The state in the past six years has provided a two-day training course for nearly all prison employees to help them assist prisoners who suffer from mental illness and to de-escalate tense situations. That training did not exist previously, Deol said.

“We want our employees to understand that people who are mentally ill have a biological basis for it, and sometimes an inmate's behavior may be a symptom of a mental illness,” he said.

Reforms have also limited use of seclusion and restraints, he said.

Ben Hammes, a spokesman for the governor, said he is unaware of complaints from sheriff's departments that the mental health closures resulted in more problems at county jails. Hammes said changes supported by the governor have helped law enforcement better identify health care facilities that have available space for patients with mental health issues.

Iowa medical facilities have 721 psychiatric inpatient hospital beds.

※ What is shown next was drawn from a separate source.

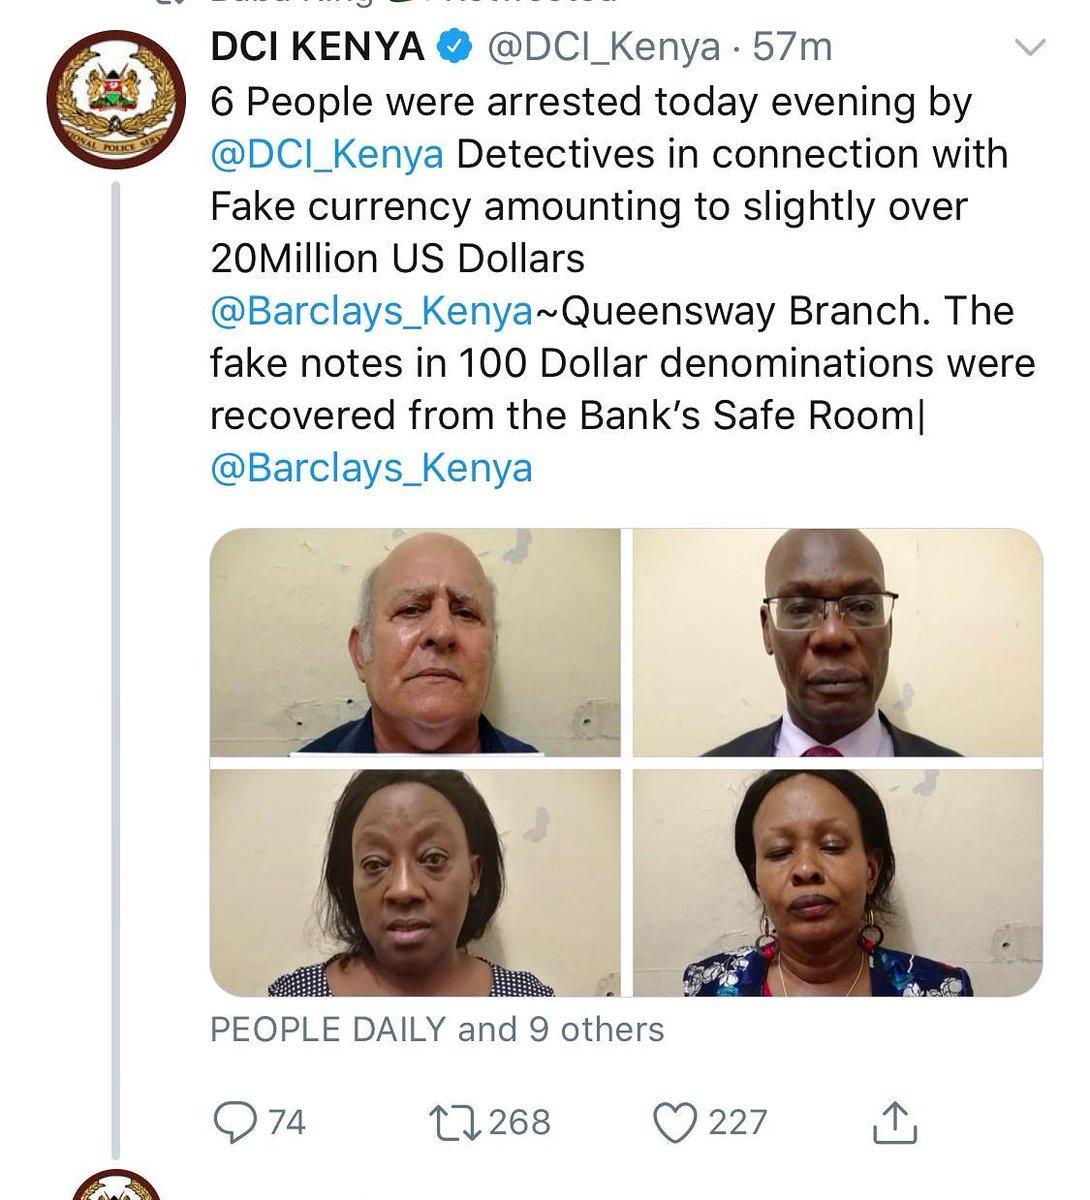 RT @WanjikuRevolt: Not

A spot check by the Register last month found that 52 were available statewide.

Amy McCoy, a spokeswoman for the Department of Human Services, said both of the closed mental health facilities had fewer than 25 beds for adults with mental health issues. DHS officials believe the closures have caused limited disruptions in care. But she said the agency has heard from law enforcement with concerns about travel times and cost.

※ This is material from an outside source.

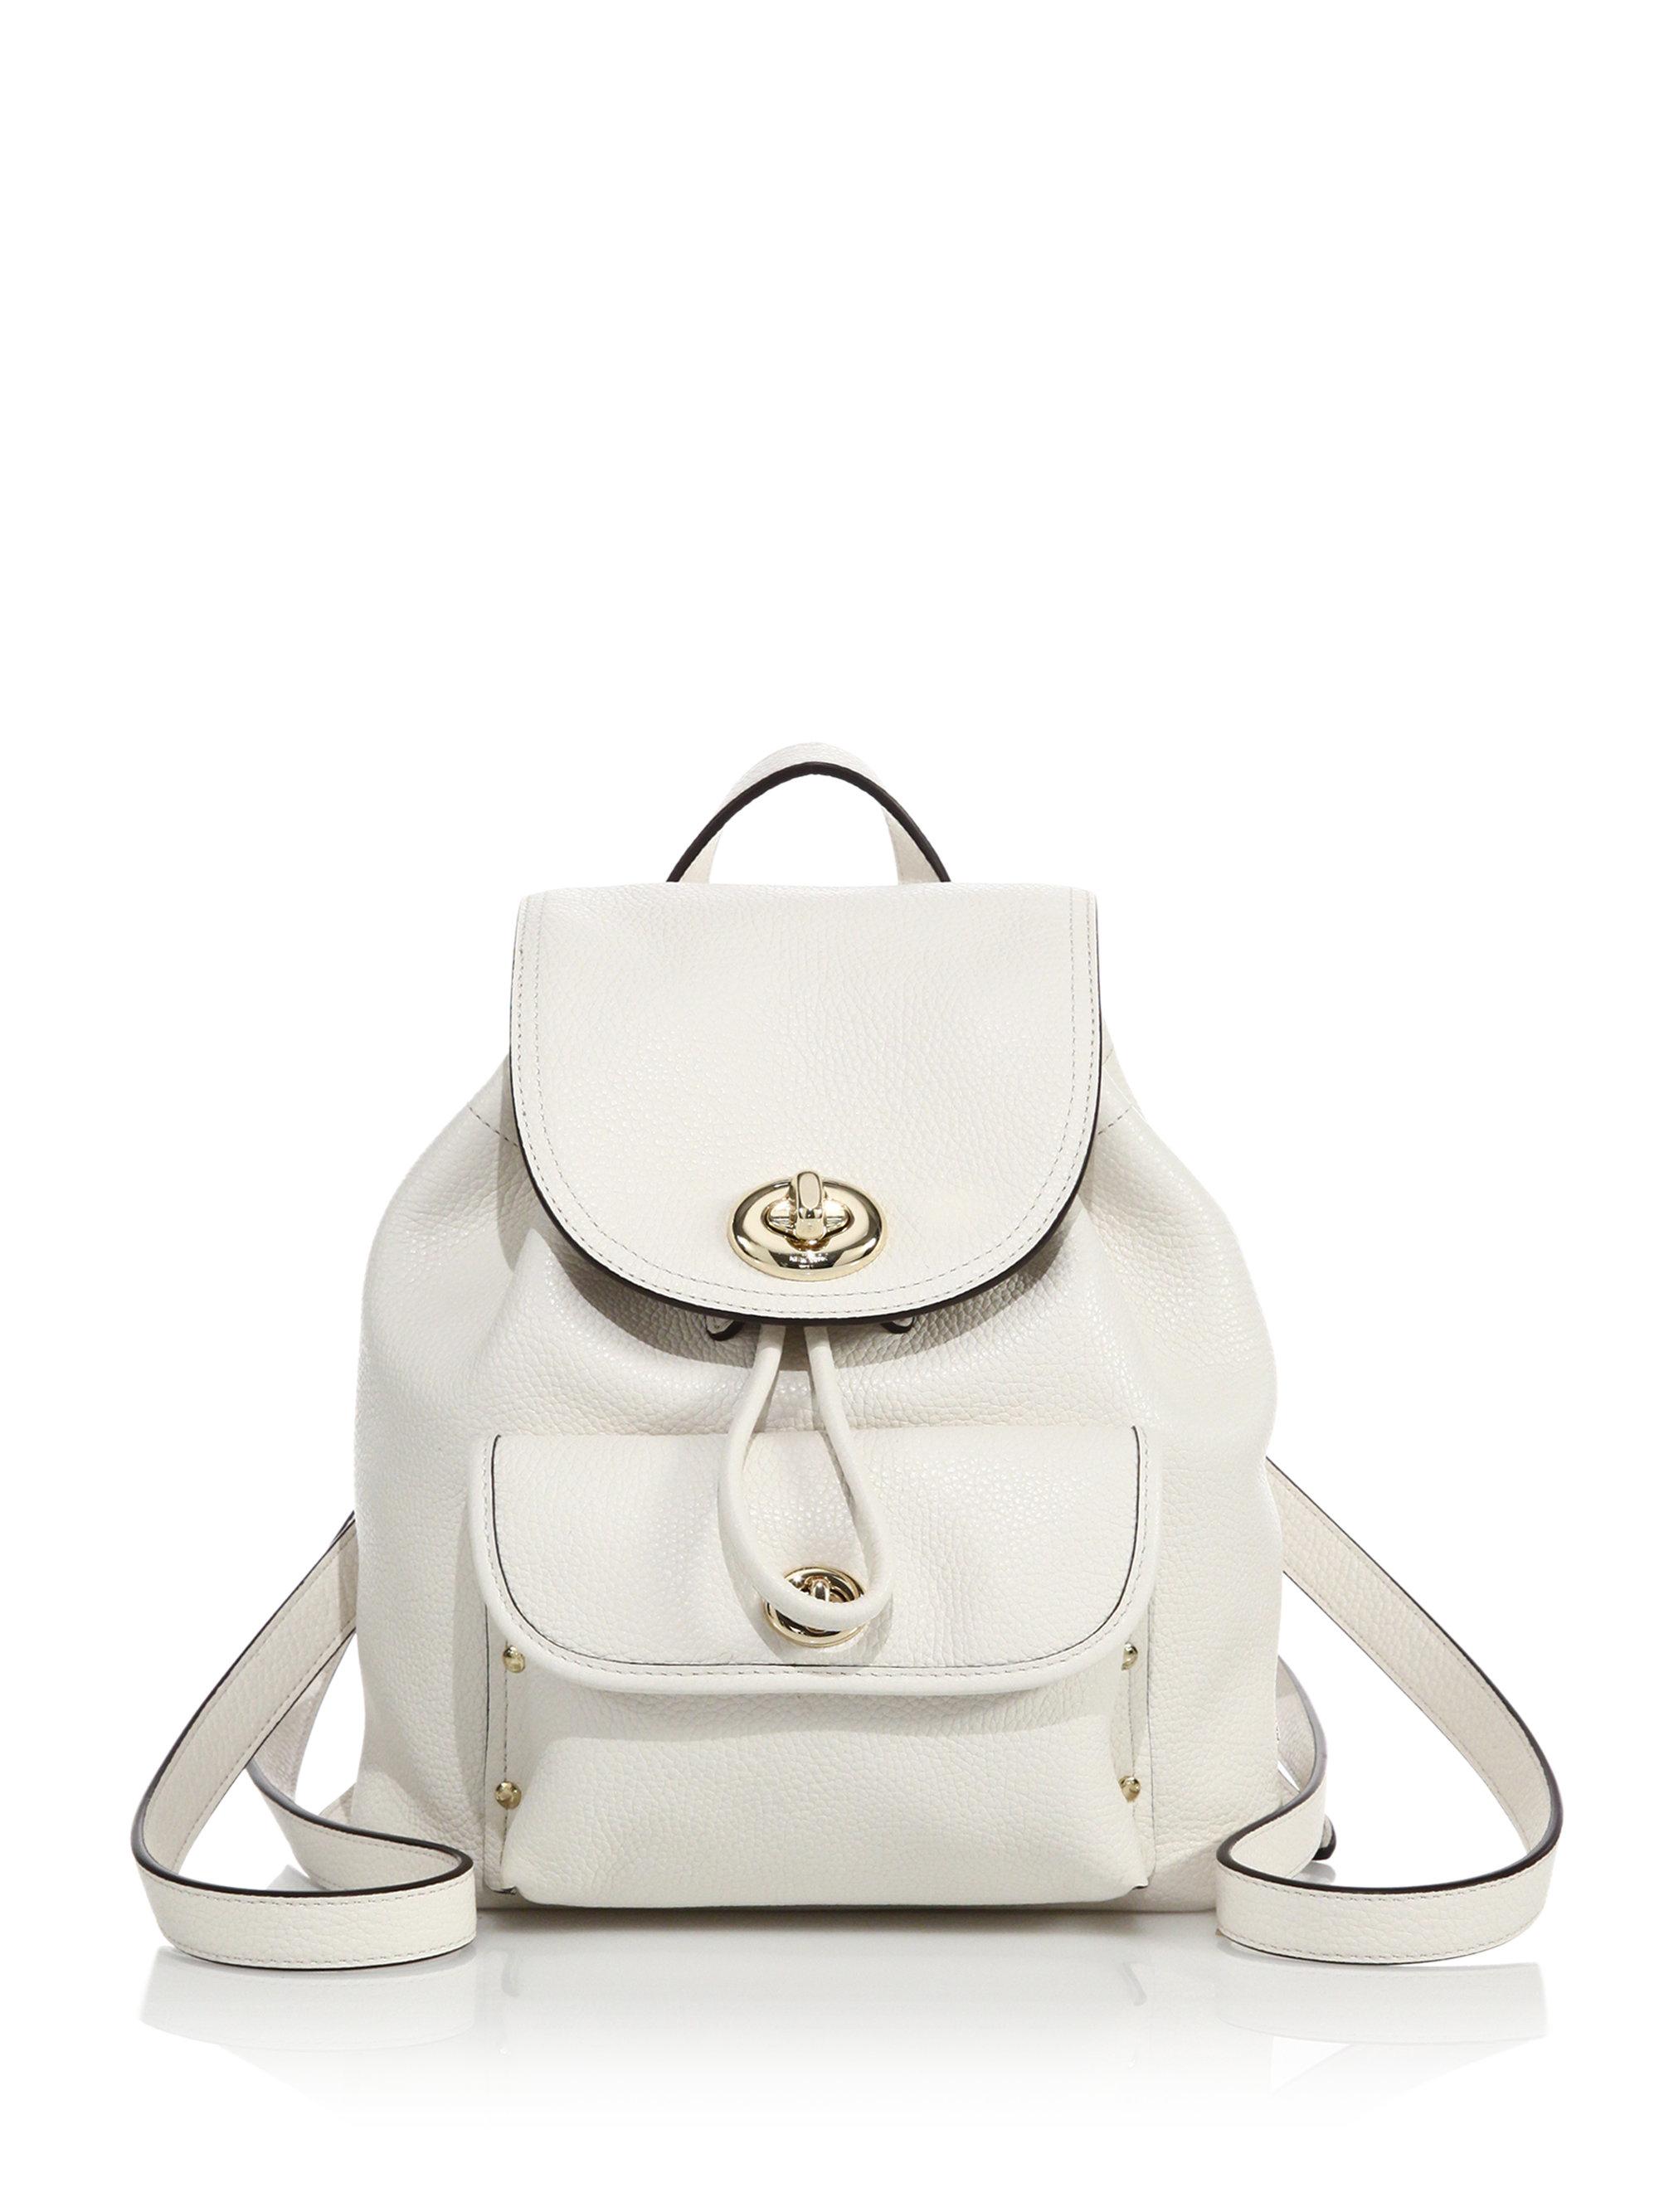 Switzerland Lyst Coach Mini Leather Turnlock Backpack In White E0f85 48626

“There were always transportation needs,” McCoy said. “But, that said, we continue to examine where the bed needs are.”

Godar, president of the sheriffs' and deputies’ association, said driving time to place inmates in appropriate mental health facilities sometimes is as long as four hours. That has resulted in extra cost, care delays and loss of law enforcement time that could be focused on other public safety issues, he said.

Taylor, the senator, noted examples such as Lee County, where monthly transportation costs have increased by thousands of dollars, which he attributes to the closures.

Taylor acknowledges that the impact can be difficult to assess because dozens of local and county governments are involved. He has said he will ask the state’s Legislative Services Agency to study the matter.

“It’s ridiculous,” Taylor said. “We’re just putting another tax on the taxpayers, but the worse problem is, we’re not getting help for these prisoners, either.”